Travaillez vos abdominaux
'L'utilisation d'un tube de résistance augmente le pouvoir raffermissant de n'importe quel mouvement', déclare Linda LaRue, créatrice de la classe Core Transformer aux Equinox Fitness Clubs de Los Angeles. Effectuer une balançoire de baseball en se tenant au centre du tube de résistance avec vos pieds à la largeur des hanches. LaRue recommande de traverser le tube devant vous une ou deux fois, en formant un X, pour assurer une forte résistance. Pliez légèrement les genoux dans un demi-accroupissement pendant que vous apportez les poignées de tube devant votre corps au niveau du nombril.Gardez vos coudes pliés et relevez les deux poignées par-dessus votre épaule droite en tournant vers la droite pour permettre à vos jambes de se redresser. Pivotez sur vos orteils gauches puis revenez lentement à une position semi-accroupie. Commencez par deux séries de huit, en progressant jusqu'à trois séries.

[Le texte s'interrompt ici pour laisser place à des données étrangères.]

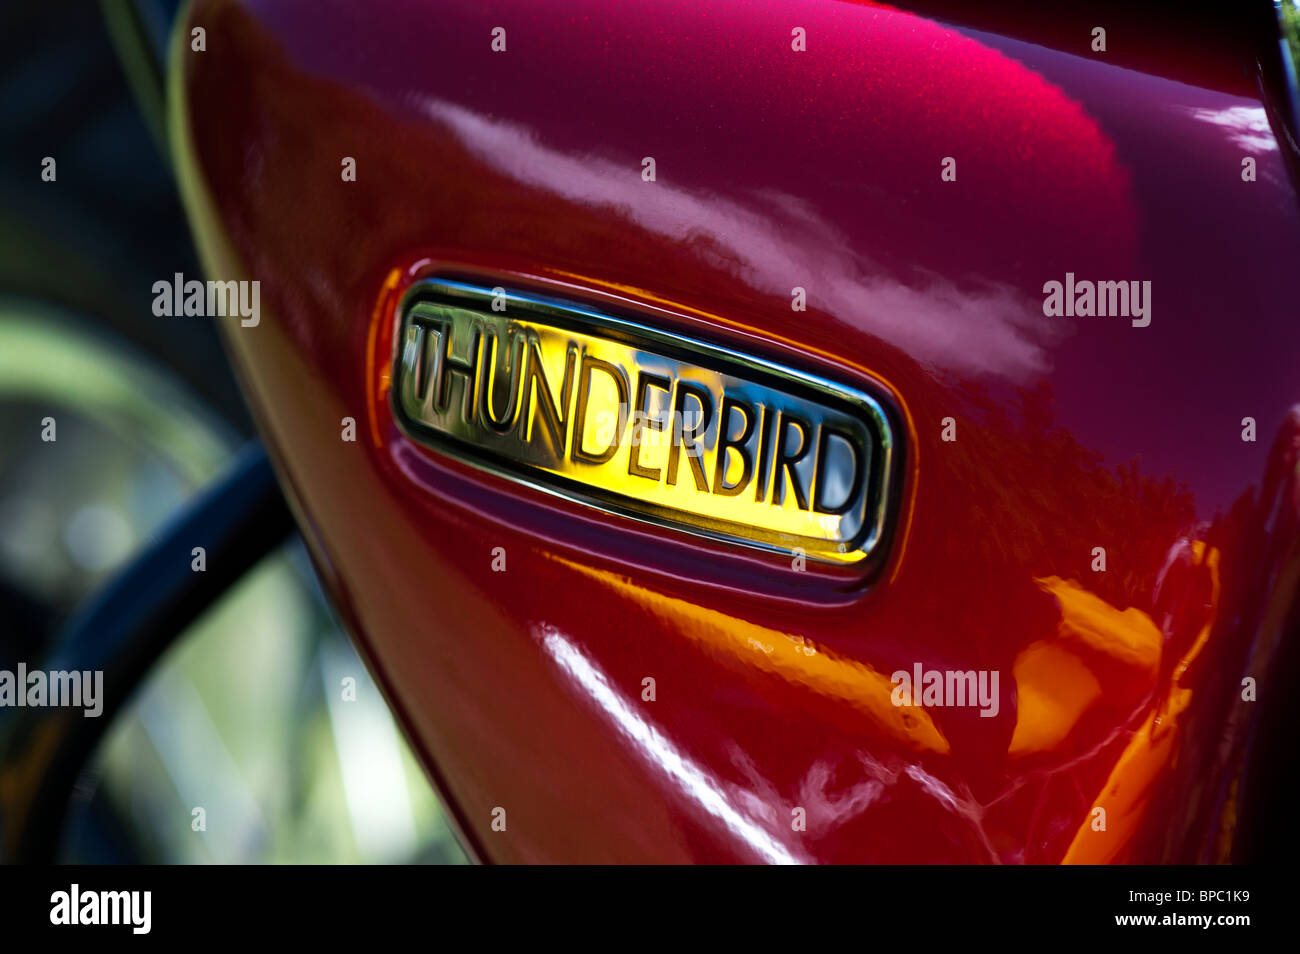 Triumph Thunderbird motorcycle side panel badge , Classic british motorcycle Stock Photo
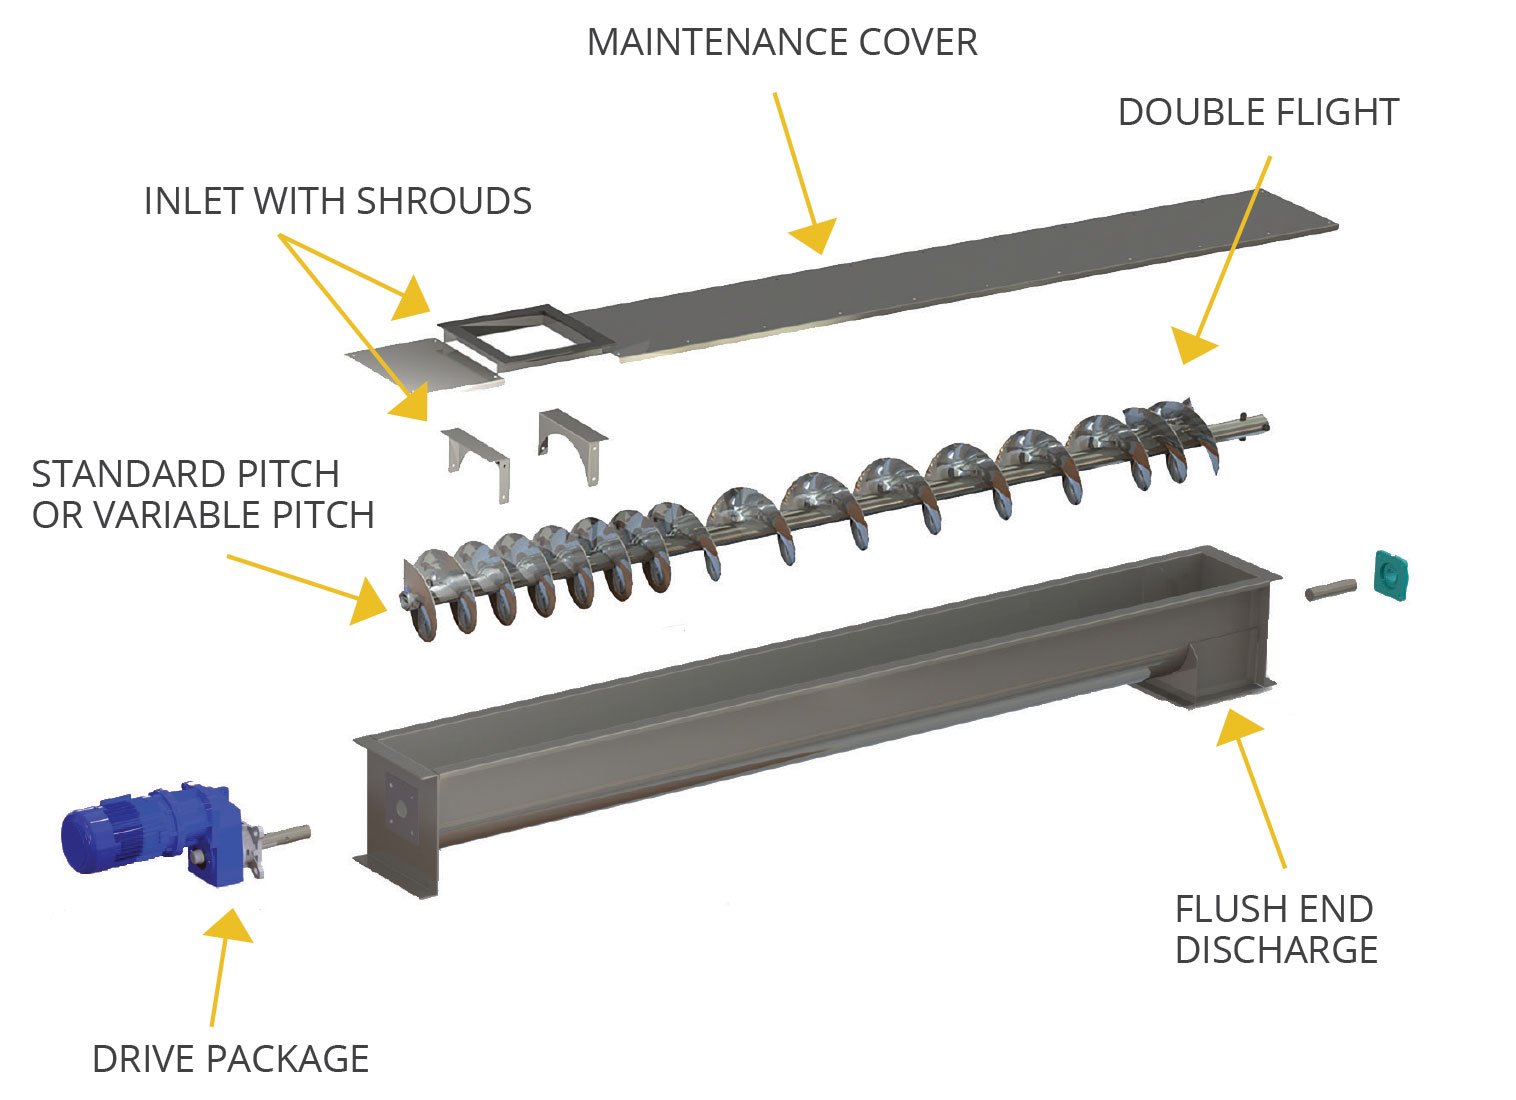 screw conveyor parts catalog

Sécurité du tube de résistance
L'American Council on Exercise vous recommande de vérifier votre tube avant chaque utilisation pour de petites déchirures, ce qui pourrait provoquer un claquement de la bande. vous ou quelqu'un d'autre pendant l'exercice. Éloignez le caoutchouc des surfaces abrasives comme le ciment ou l'asphalte et entraînez-vous sur l'herbe, les tapis, le caoutchouc ou les planchers de bois. Portez des chaussures de sport pendant l'exercice et maintenez une bonne posture pendant chaque exercice en tirant votre nombril vers votre colonne vertébrale pour engager vos muscles du tronc et garder votre colonne vertébrale droite.